Problem details: Your answer must be the lines from the top of the listing below through the line that holds "Vyšívaný sametový povlak", retyped exactly, with no pictures.

Information supplied:
++++++++++

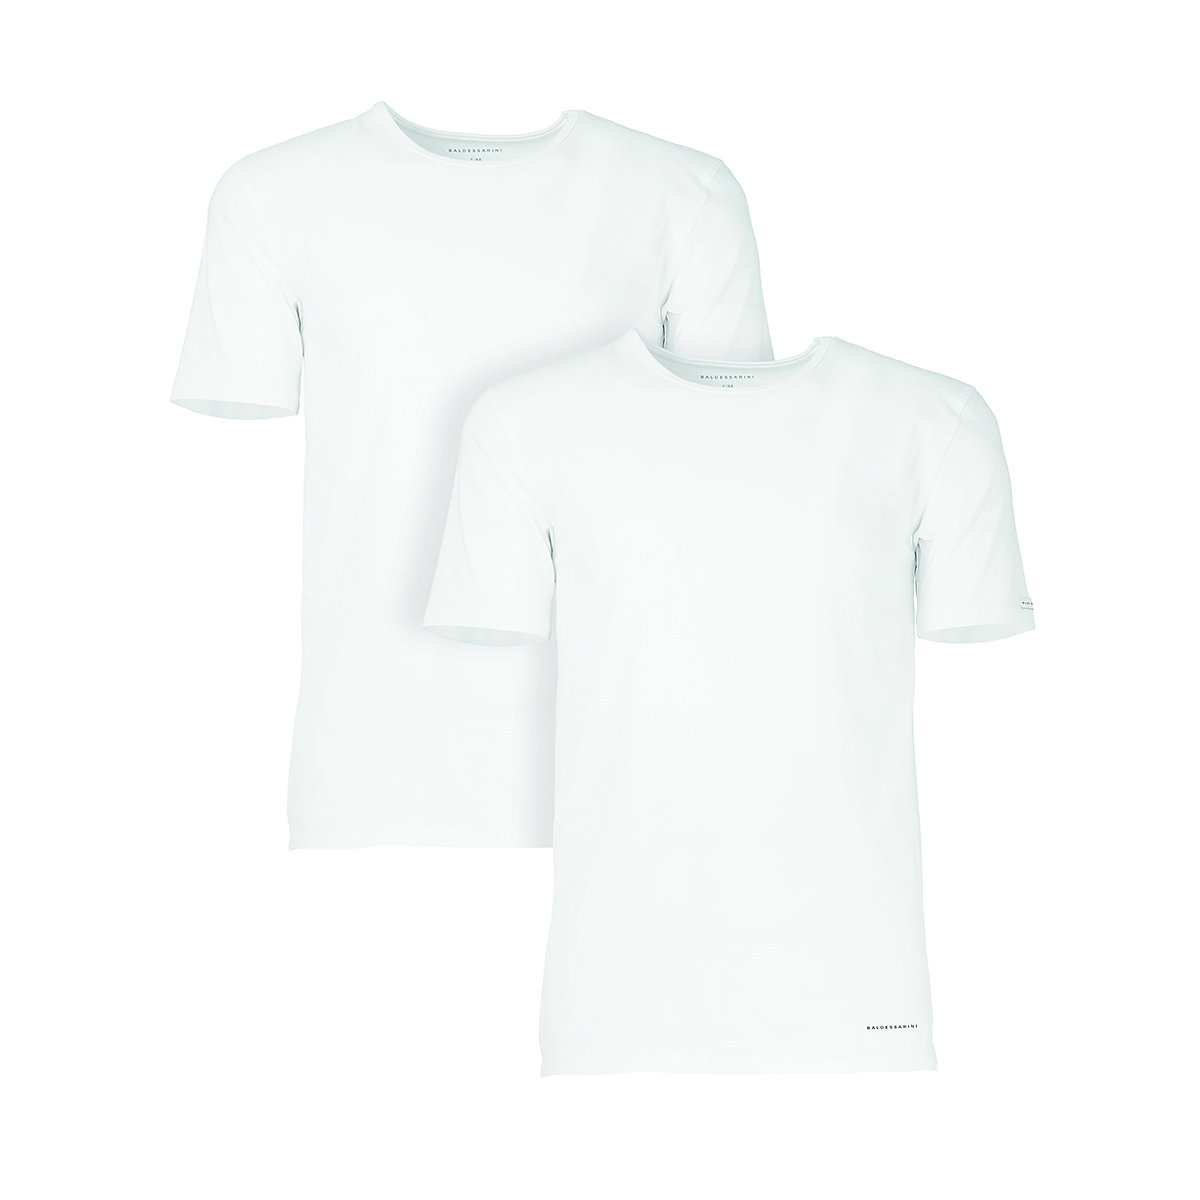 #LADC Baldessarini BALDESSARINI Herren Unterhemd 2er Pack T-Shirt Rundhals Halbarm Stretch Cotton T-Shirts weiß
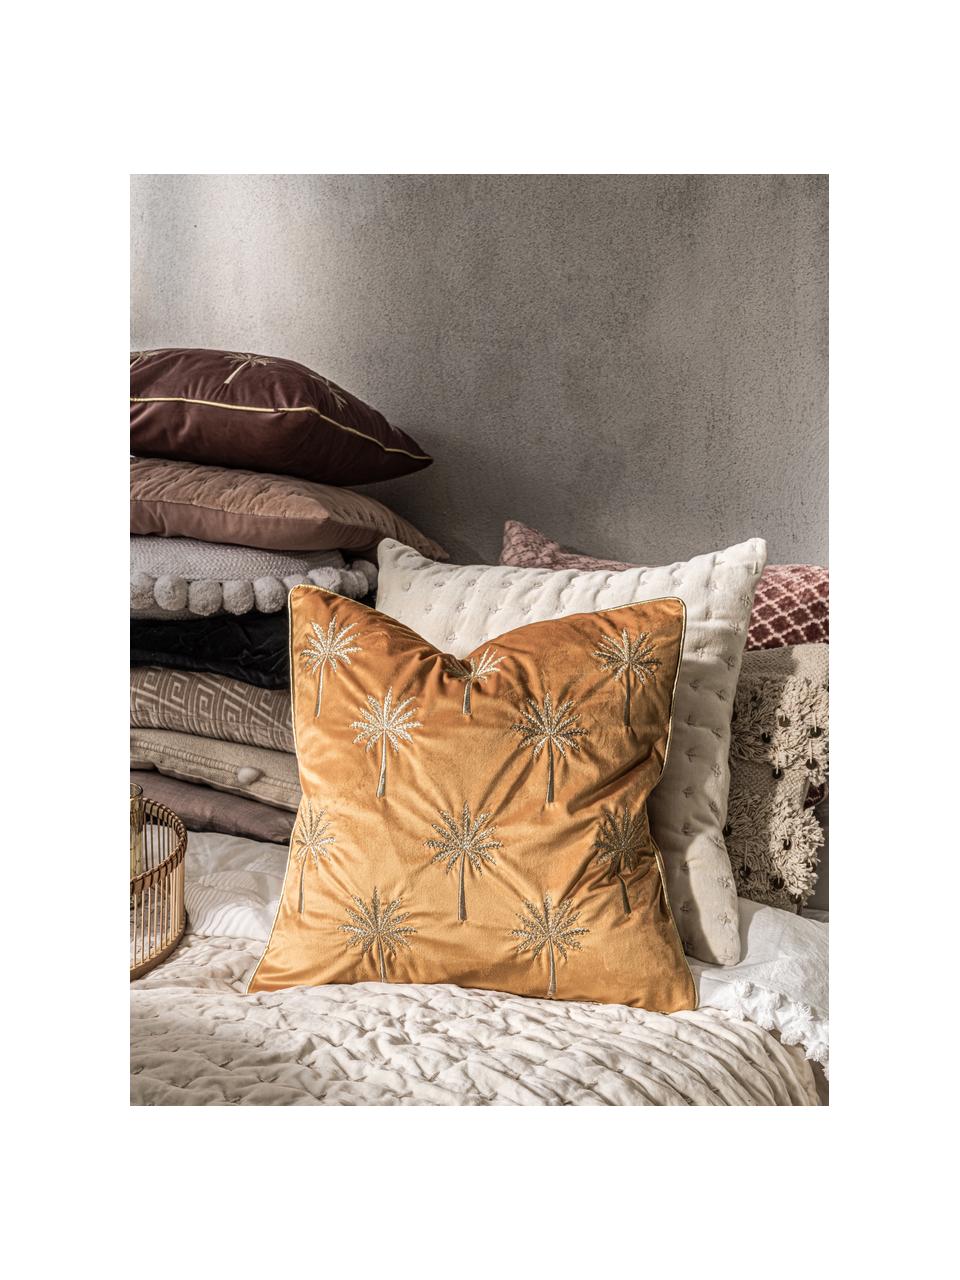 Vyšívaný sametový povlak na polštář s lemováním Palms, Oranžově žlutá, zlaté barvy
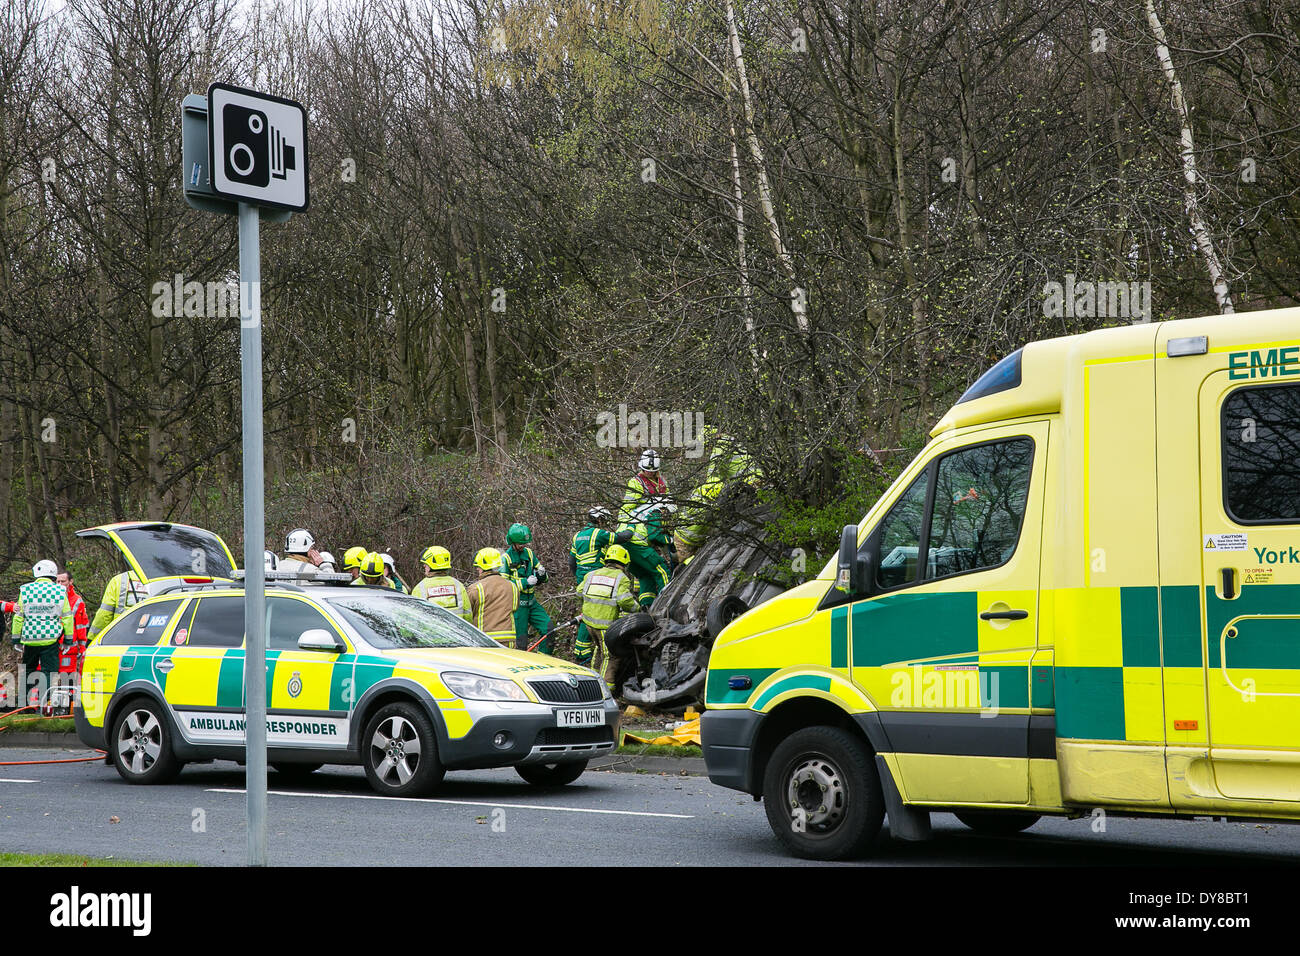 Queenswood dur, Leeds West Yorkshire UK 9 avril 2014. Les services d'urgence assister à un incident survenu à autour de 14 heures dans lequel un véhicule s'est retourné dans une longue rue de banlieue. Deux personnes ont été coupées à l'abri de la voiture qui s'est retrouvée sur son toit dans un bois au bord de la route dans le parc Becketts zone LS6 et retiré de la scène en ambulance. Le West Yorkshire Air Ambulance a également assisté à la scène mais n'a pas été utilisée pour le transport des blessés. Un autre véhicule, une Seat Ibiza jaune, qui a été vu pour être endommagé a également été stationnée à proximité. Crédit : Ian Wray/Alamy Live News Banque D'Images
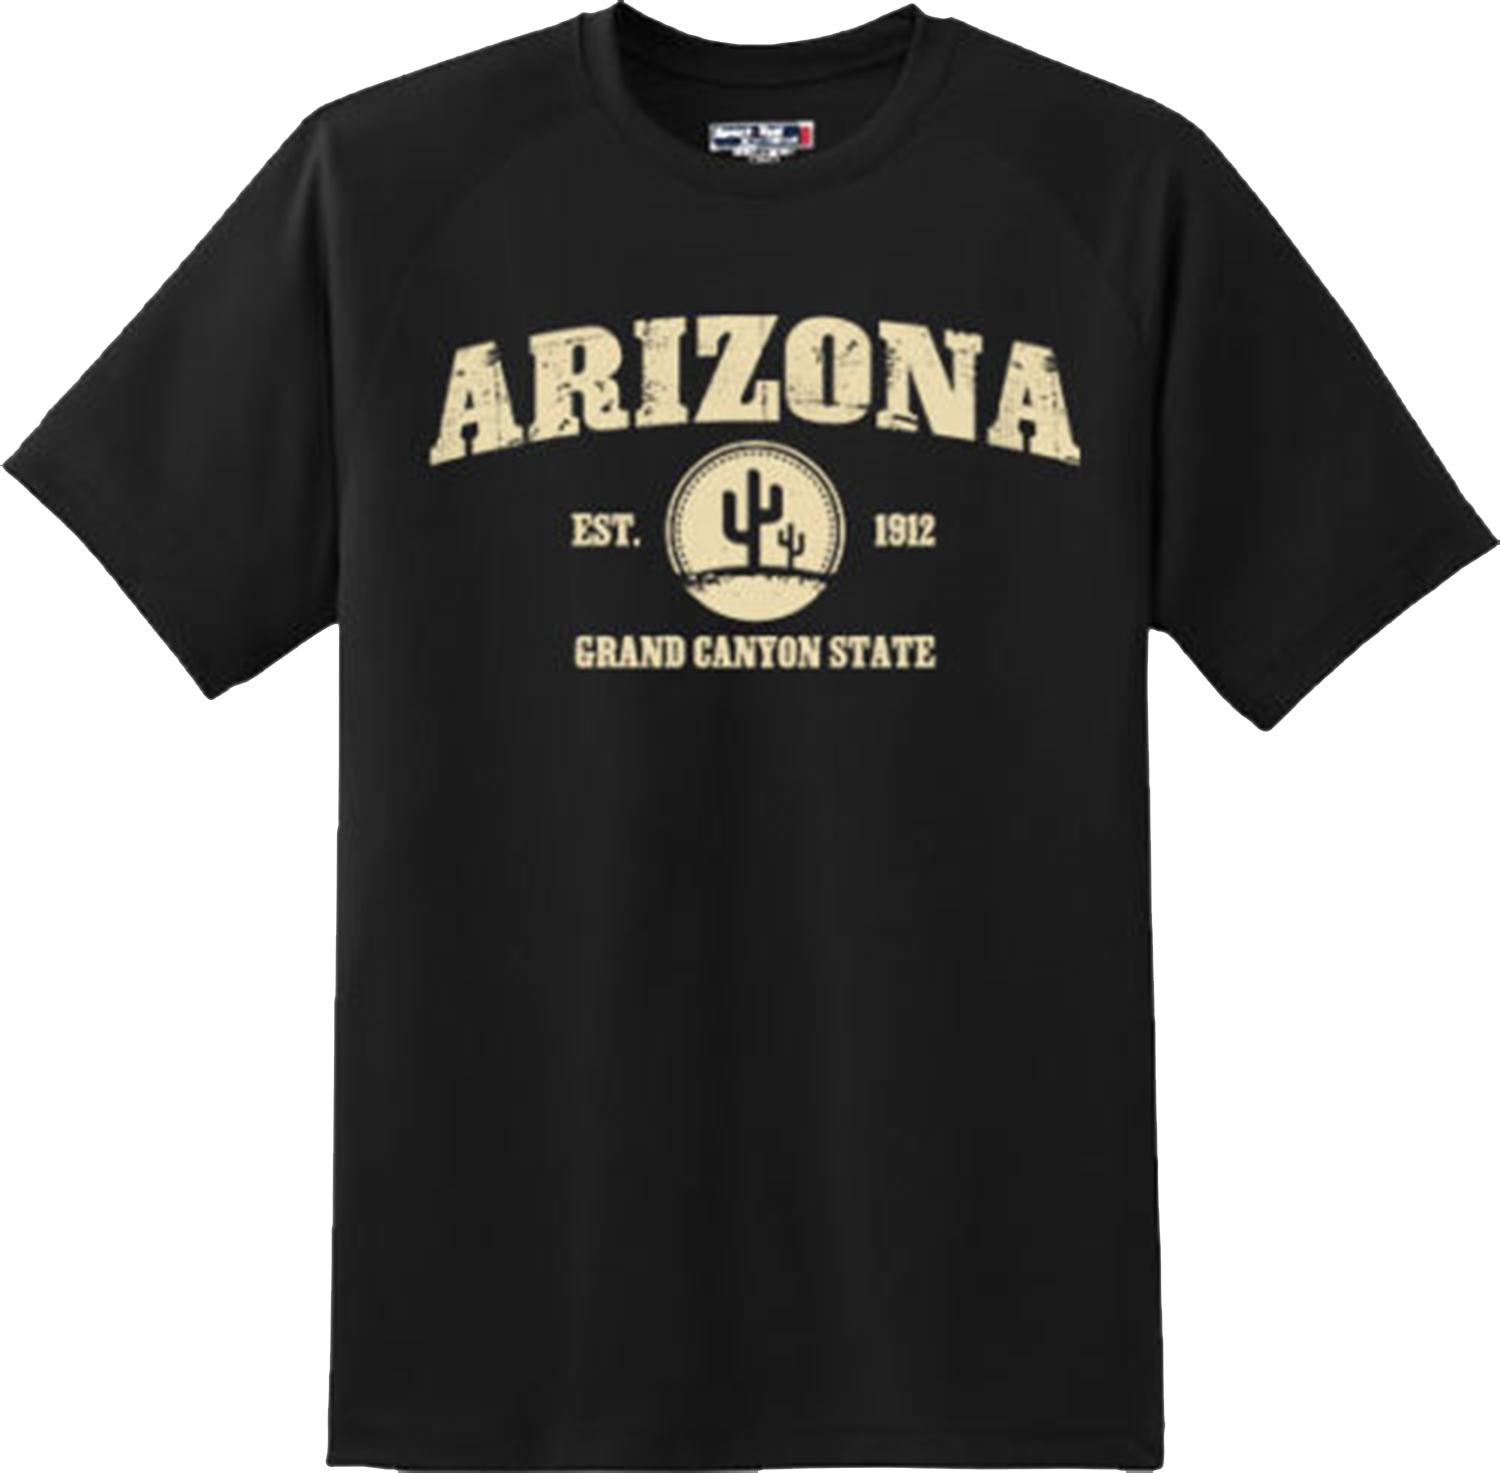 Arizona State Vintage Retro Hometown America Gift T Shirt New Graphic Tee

++++++++++

Result of the task:
 #LADC Baldessarini BALDESSARINI Herren Unterhemd 2er Pack T-Shirt Rundhals Halbarm Stretch Cotton T-Shirts weiß
 Vyšívaný sametový povlak na polštář s lemováním Palms, Oranžově žlutá, zlaté barvy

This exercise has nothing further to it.